Stopped by my local dealer on saturday to get some chaps, my g/f is buying them for me as an anniversary present.  So I tried on the 36" length apron chaps and they come to about the top of my ankle, basically I had sneakers on at the time and they pretty much just touched the tops(low top sneaker).  I wanted to try on some 40 inch length chaps too but he was out of them.  I was wearing them clipped just above my waist.  He's going to get a set of 40" chaps in this week or next and give me a call so I can try them on.

So I searched around a little bit, but I'm trying to figure out where these should sit on me.  I didn't want to buy a pair of 36 and end up needing 40's.  I'm not super tall, I'm 6'1" and my legs are actually short, I wear 32" length pants.  Should these hang over my shoes?  Or should they stop at the ankle?  I want to make sure and get the right ones.  As always, thanks for the help guys.

My dealer actually offered to let me take home the 36" chaps and get em filthy and come back and try the 40's on and if need be exchange em.  That's why I like going there, but I'm not doing any cutting between now and then so I didn't wanna waste his time.  Also got my saw tuned since it's broken in, he said it's still a lil high up in the rpm range, so cut some more and bring it back and he'll tune it again.

And of course since I can't leave there empty handed, I picked up a no spill 5 gal gas can.  It was 35 bucks, but man those things work great and really don't spill, I saw one in action and was hooked.  Ok I'm done rambling now.


----------



## FireAnt (Oct 25, 2010)

I am 6'4 and I wear the 40" I am 6'6 in my boots.
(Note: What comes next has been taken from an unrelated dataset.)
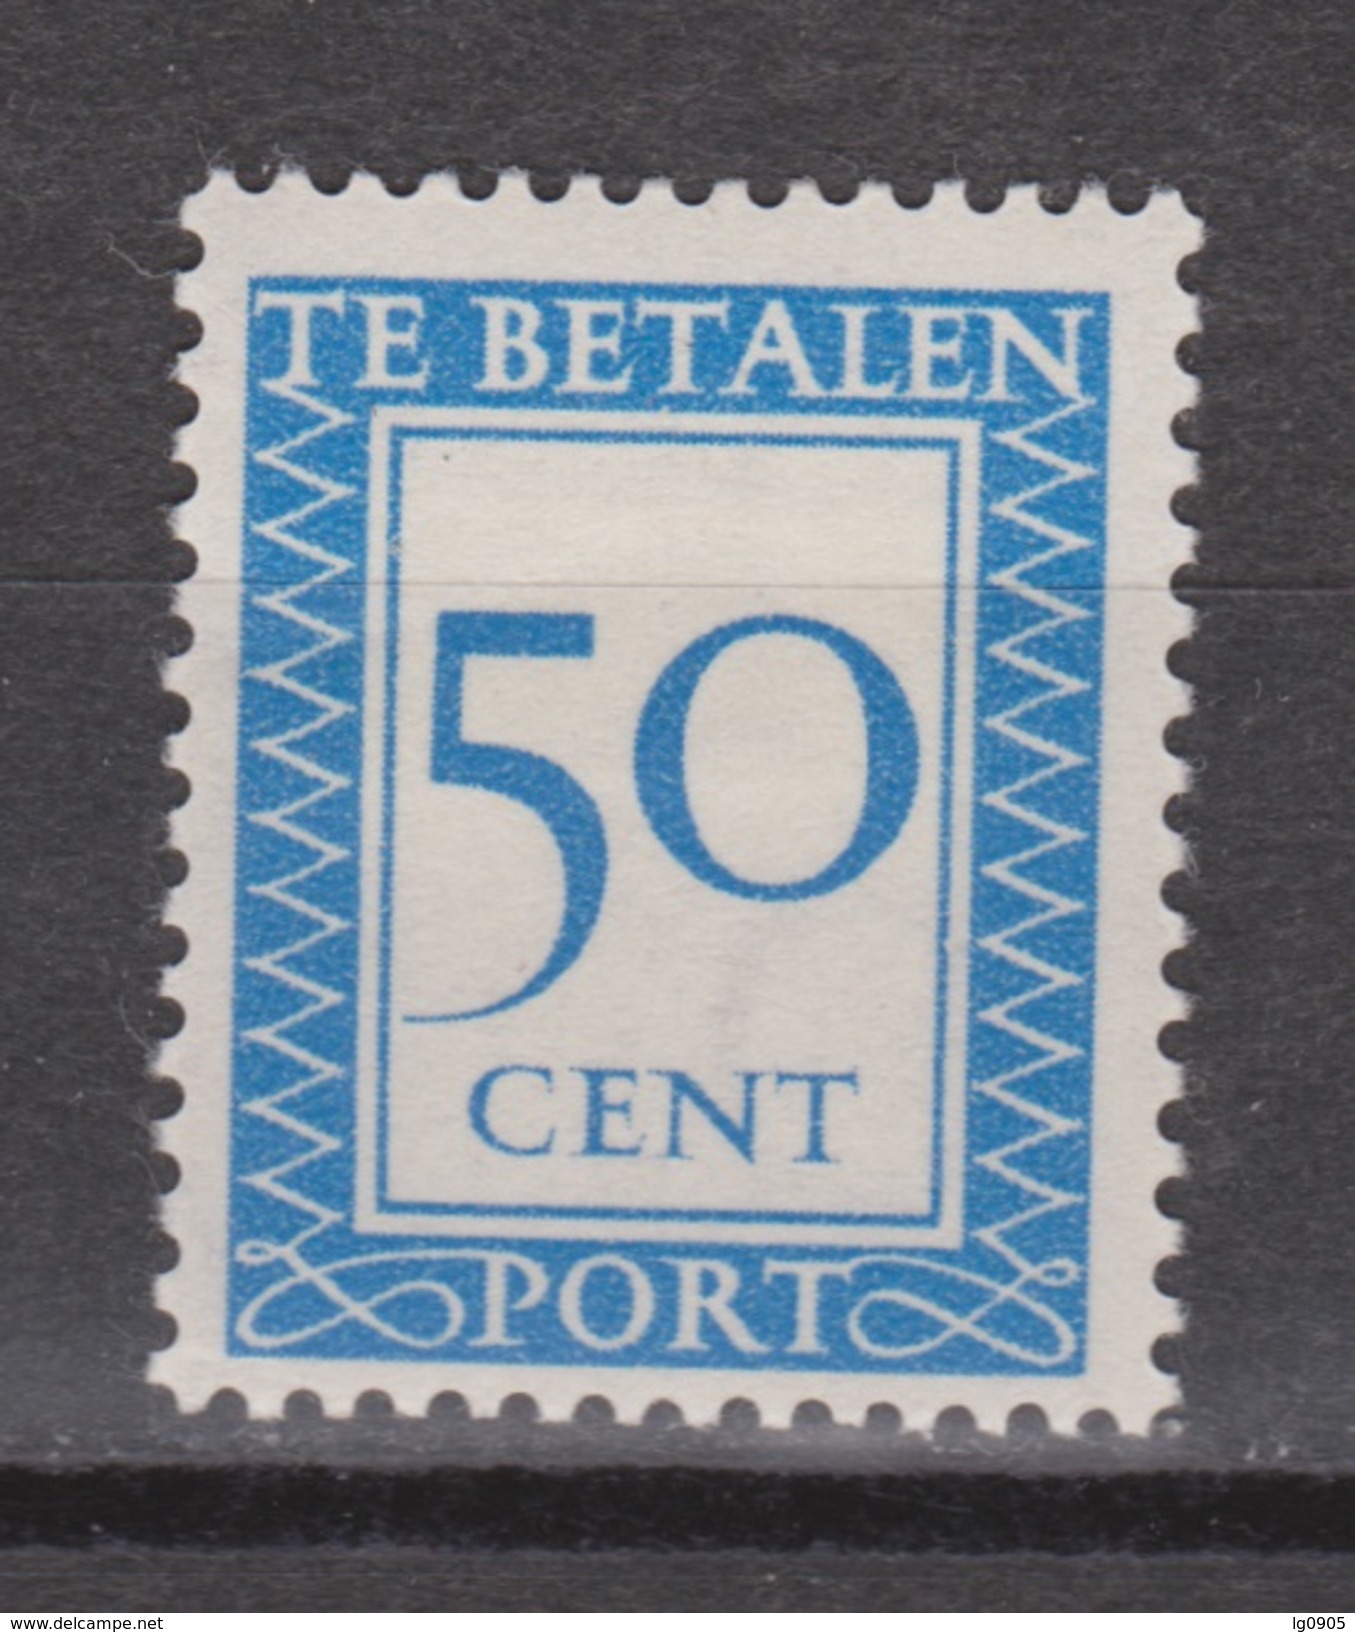 NVPH Nederland Netherlands Holanda Pays Bas Port 100 MLH Timbre-taxe Postmarke Sellos De Correos NOW MANY DUE STAMPS - Postage Due

They just touch the top of my boots. I wouldn't want them hanging to far over my shoes (tripping hazard). Try on the 40's and see what happens. Go there with your cutting shoes/boots on and go from there.


----------



## 'bert (Oct 25, 2010)

How about we see a picture of this "no spill" gas can?  I have not heard about these.  How does it differ from a normal jerry can?


----------



## SPED (Oct 25, 2010)

Thanks FireAnt, sounds like the 36's are what I want, and the 40's may drag.
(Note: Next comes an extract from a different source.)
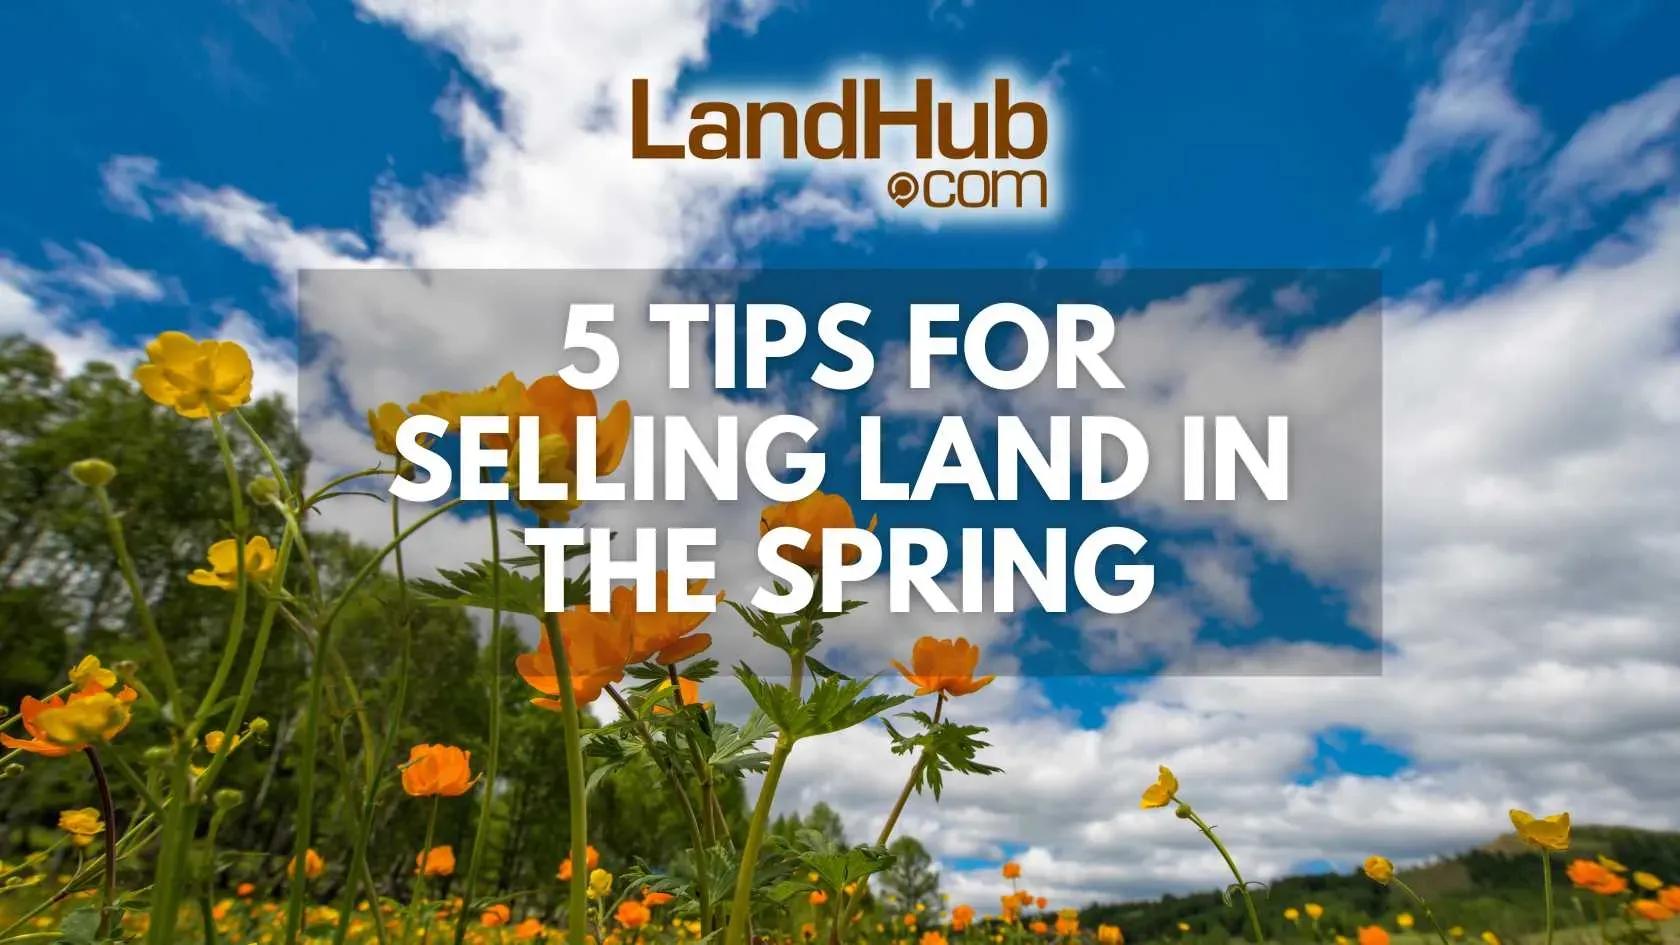 5 tips for selling land in the spring

The no spill containers are pretty cool, on my last camping trip I saw my brother's buddy use one and was pretty impressed.  They use a thumb button to start the flow so you can actually get it in place without having to rush and spill gas all over.  They are definitely pricey, but I figure it should last me a whole lotta years.
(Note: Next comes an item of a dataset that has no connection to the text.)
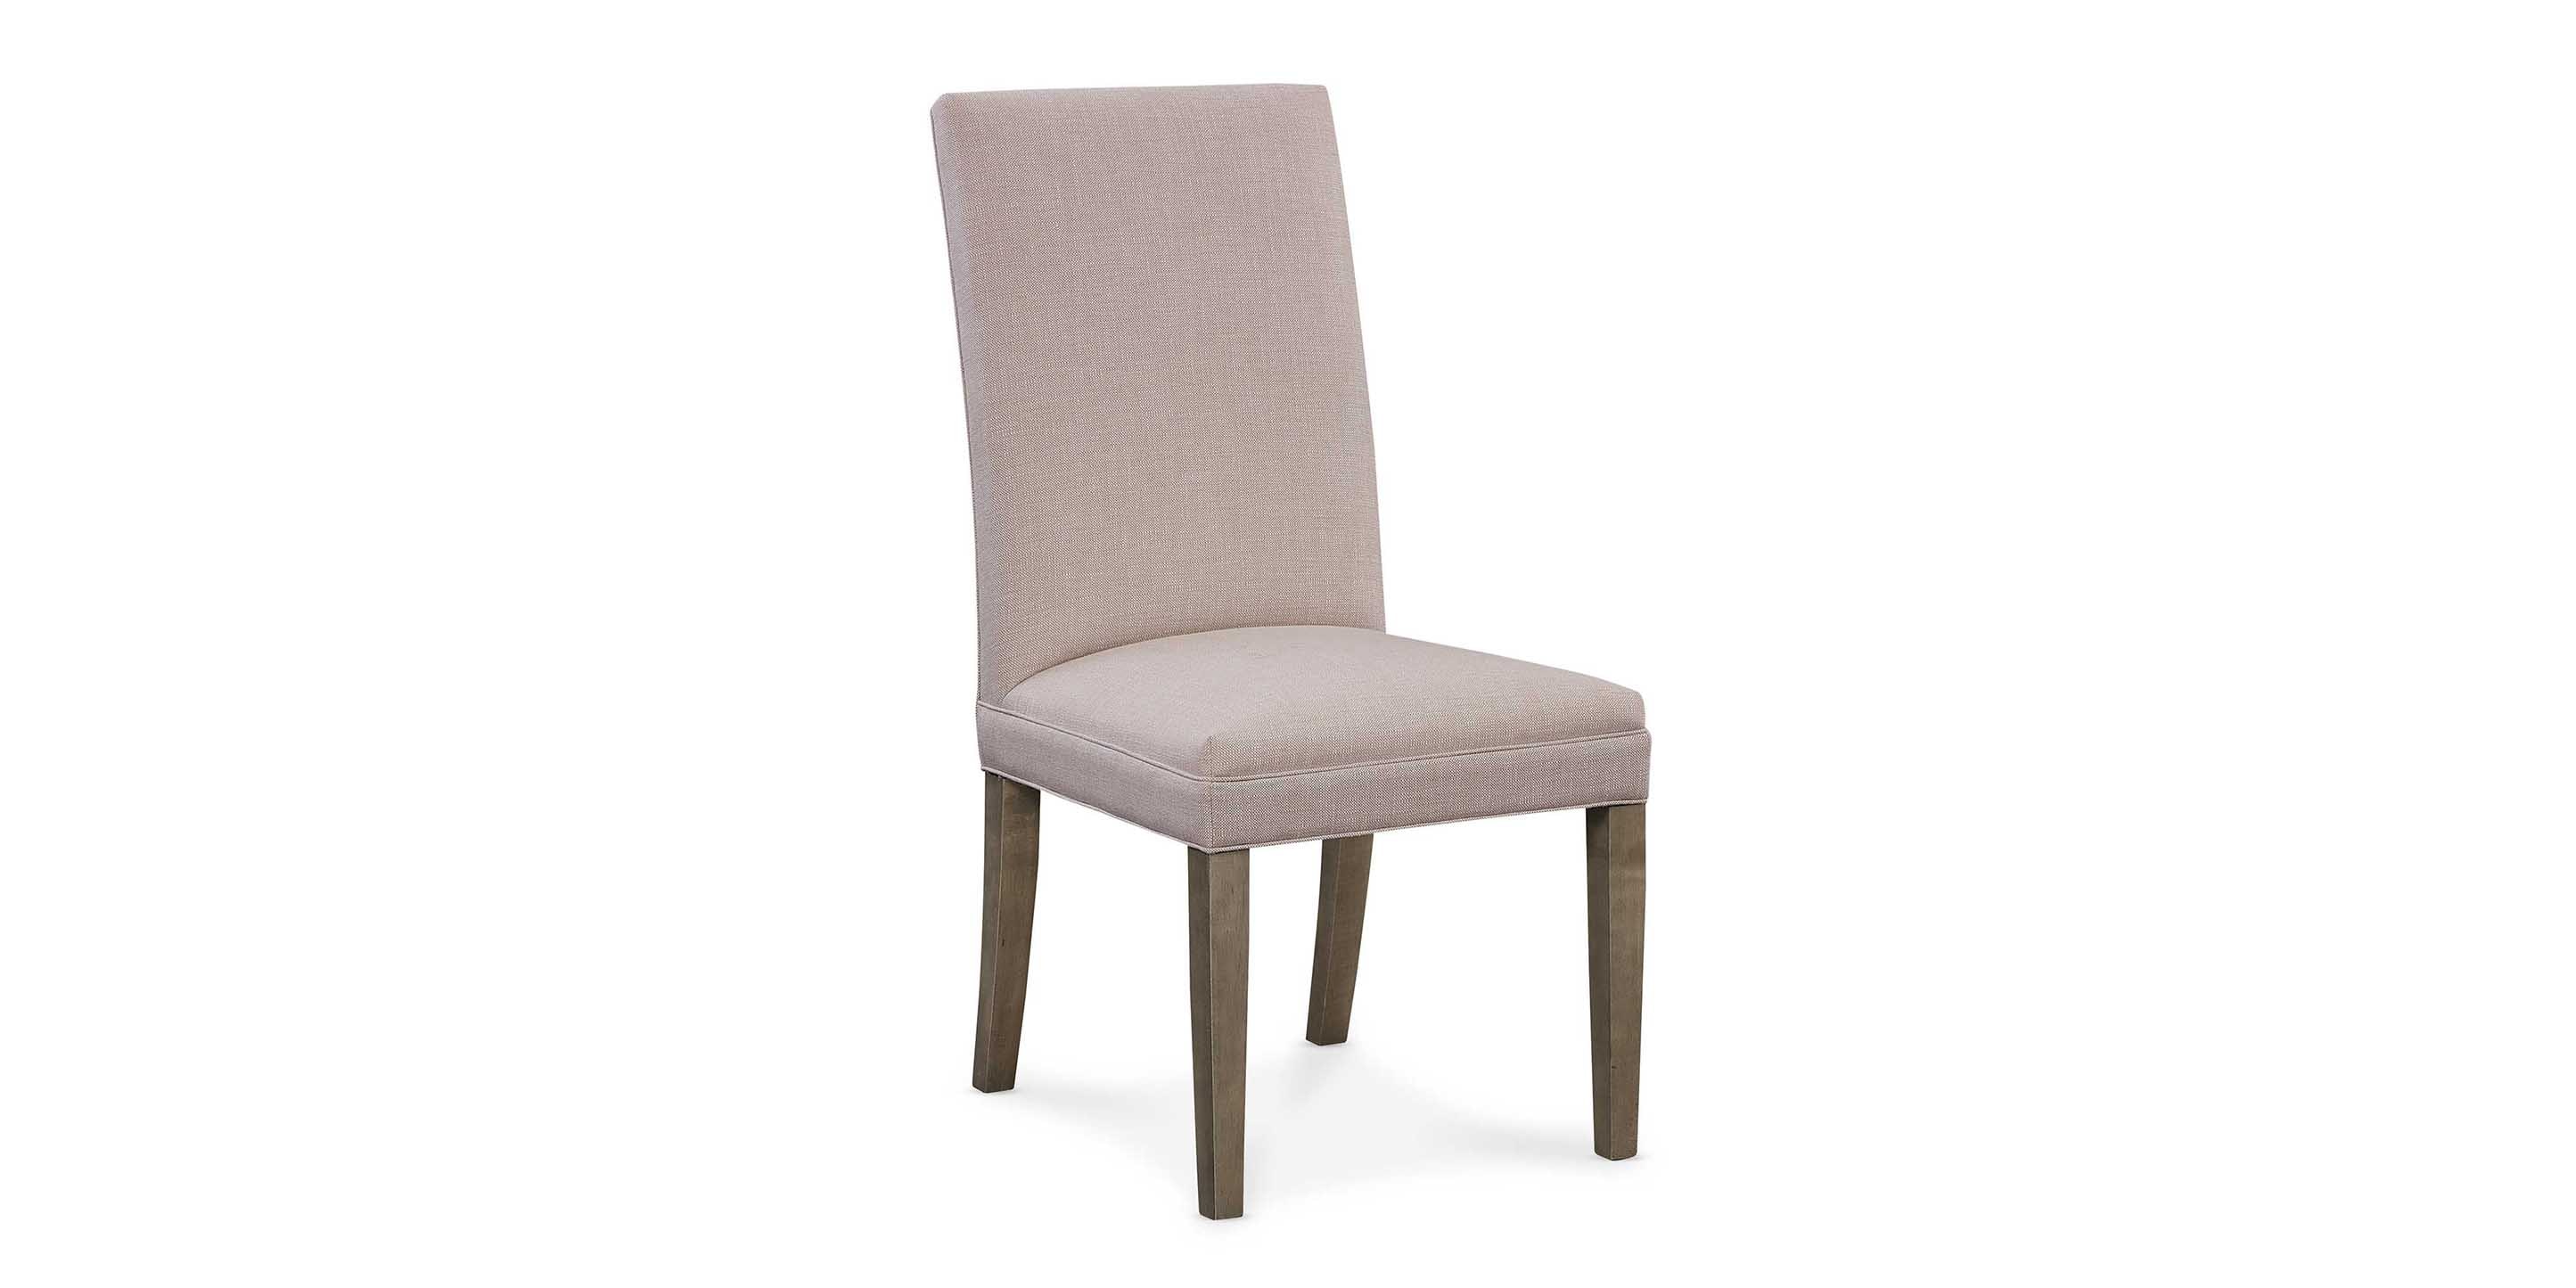 Marge Upholstered Dining Chair

http://www.nospill.com/index.php


----------



## ChillyGator (Oct 25, 2010)

The 36" chaps seemed short to me .....I'm 6'2" with 32" inseam and the 40" chaps are not too long (i did have to get the belt 'extension'  :red: )


----------



## TreePointer (Oct 25, 2010)

Chaps are measured differently than pants.  If you look on the manufacturer's website, you will see that they are measured from the belt usually to the instep.  *THIS IS NOT THE SAME MEASUREMENT AS AN INSEAM.*

Stihl excerpt:



> NOTE: Chaps are measured by overall length from the waist down. All chaps have a tough outer shell of oil/water-resistant nylon treated with rain/stain repellent.


http://www.stihlusa.com/apparel/chain-saw-protective-wrap-around-chaps.html

Labonville excerpt:



> **IMPORTANT NOTICE***
> Sizing - Chap length is not the same as your pants length. It is not measured by your Inseam. Chaps are sized by overall length. To calculate your overall length measure from your waist (where you would wear your belt) to the top of your foot or your instep.


http://www.labonville.com/shop/pc/viewPrd.asp?idproduct=6&idcategory=250

I'm 6'0" and measure 39.5' from top of belt to instep.  36" chaps are too short.  40" chaps are perfect.


----------



## thinkxingu (Oct 25, 2010)

I prefer chaps being long enough to cover at least the top of my boots--certainly not so short as to leave my ankles or shins unprotected.

S


----------



## SPED (Oct 25, 2010)

Thanks gator that's a big help to see someone close to my height and what they are using.

Treepointer, thanks for the info that's perfect now I have something to actually measure, starting to sound like maybe I'll need the 40's.


----------